## WHAT THE EXERCISE ASKS
Exclude images, then output the remaining data verbatim.

## AVAILABLE DATA
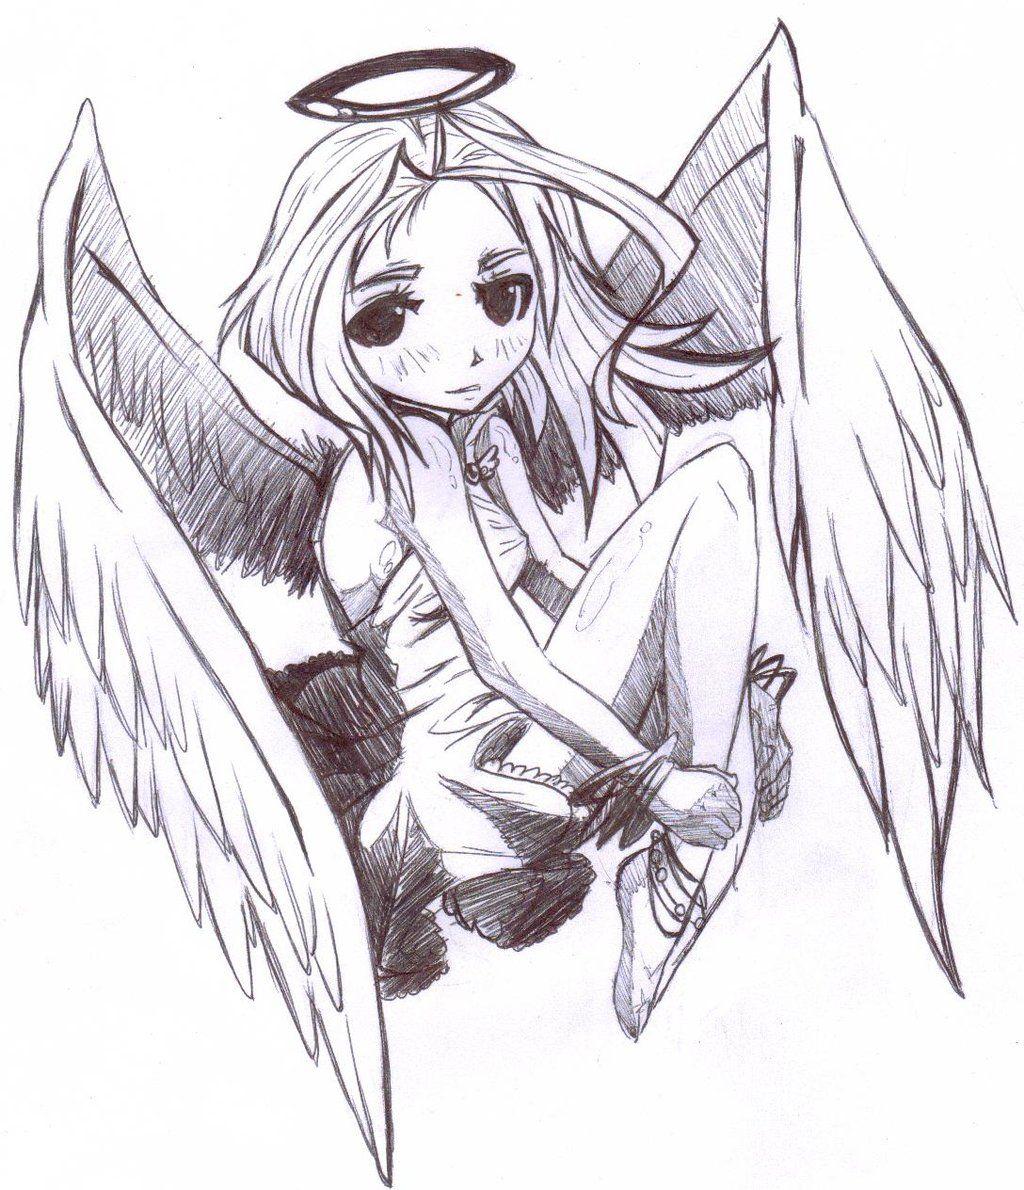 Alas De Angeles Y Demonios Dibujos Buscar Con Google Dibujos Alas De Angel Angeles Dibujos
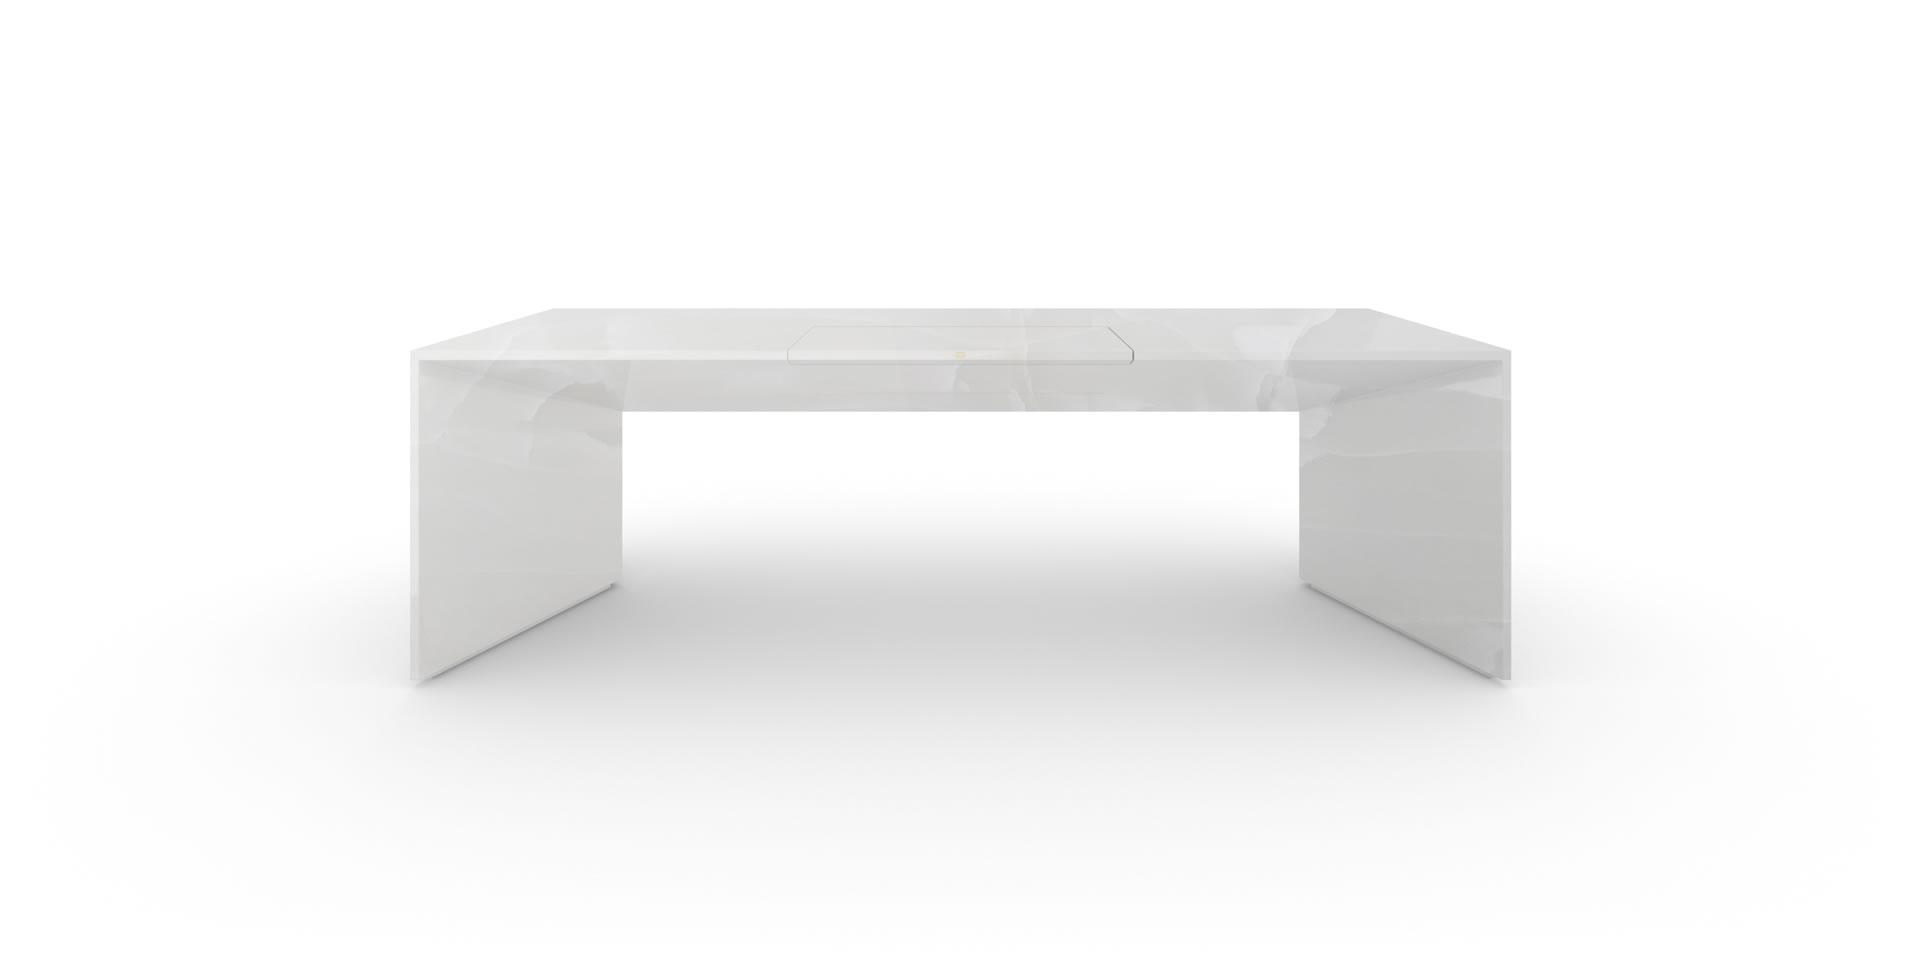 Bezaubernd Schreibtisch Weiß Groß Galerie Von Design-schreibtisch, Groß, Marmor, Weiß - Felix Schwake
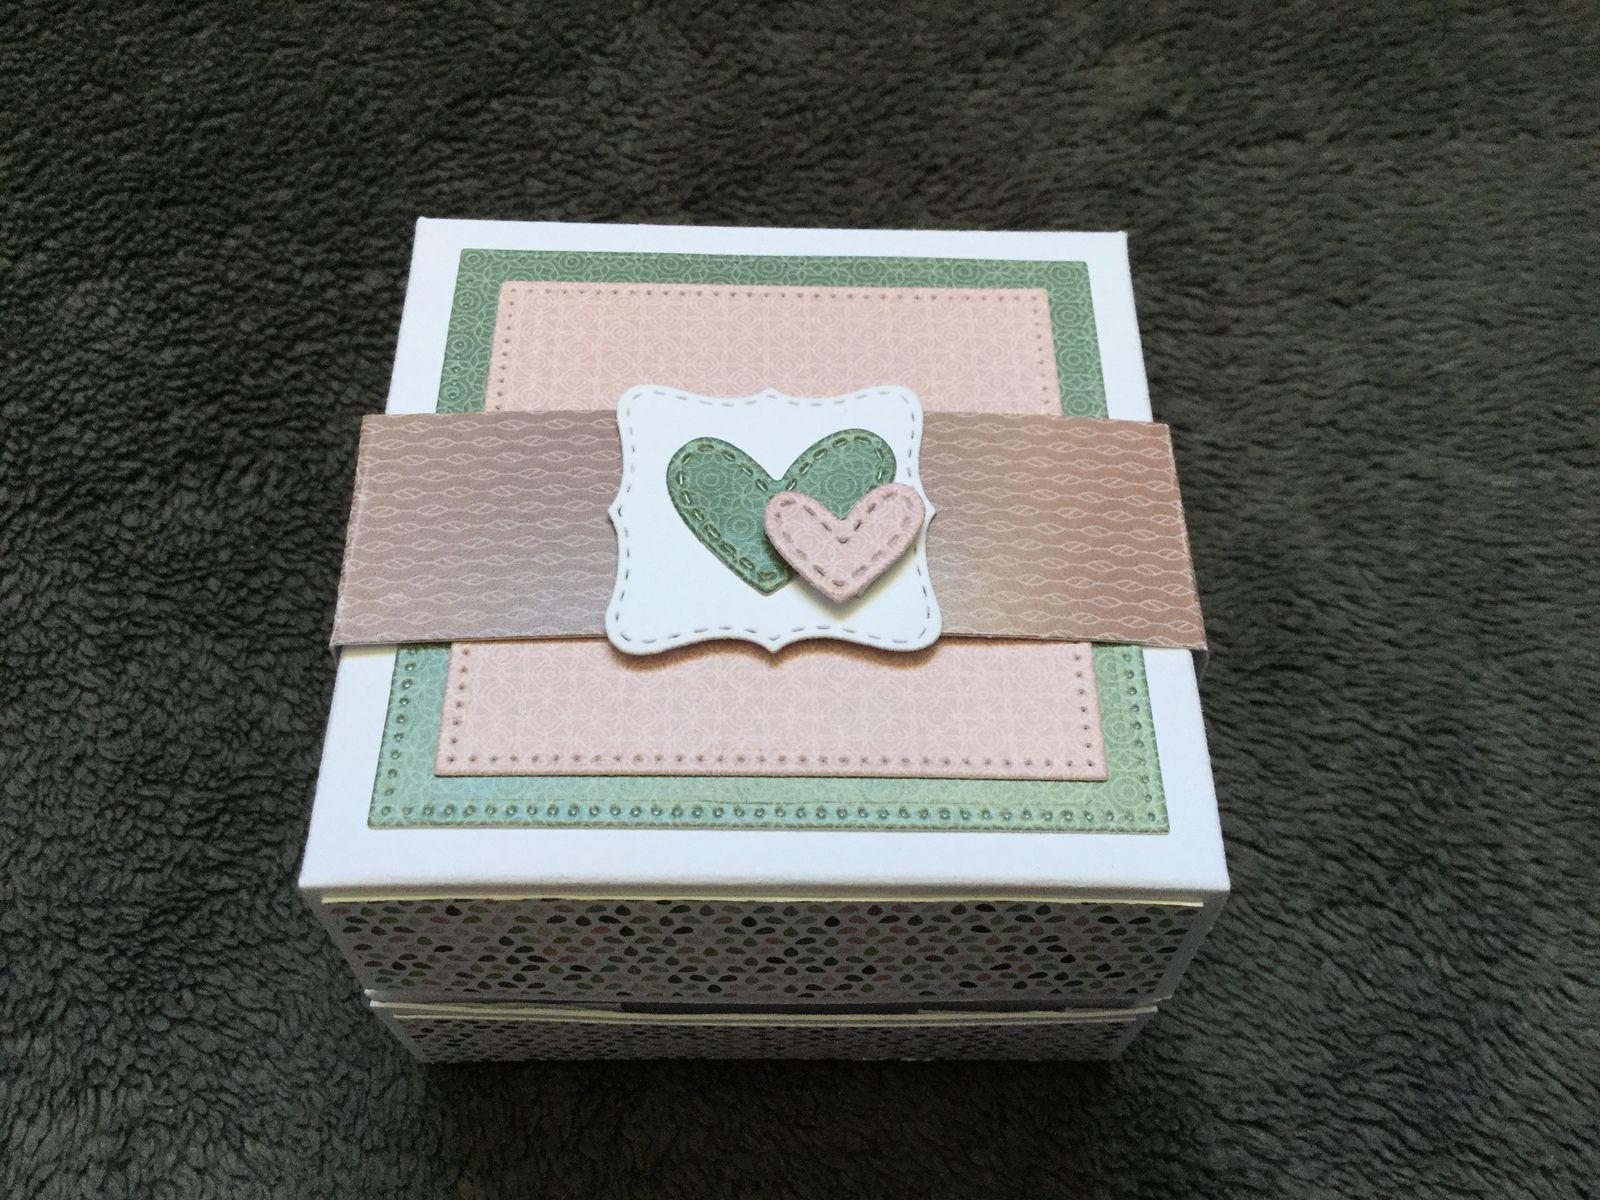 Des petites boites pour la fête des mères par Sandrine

## WRITTEN ANSWER
 Alas De Angeles Y Demonios Dibujos Buscar Con Google Dibujos Alas De Angel Angeles Dibujos
 Bezaubernd Schreibtisch Weiß Groß Galerie Von Design-schreibtisch, Groß, Marmor, Weiß - Felix Schwake
 Des petites boites pour la fête des mères par Sandrine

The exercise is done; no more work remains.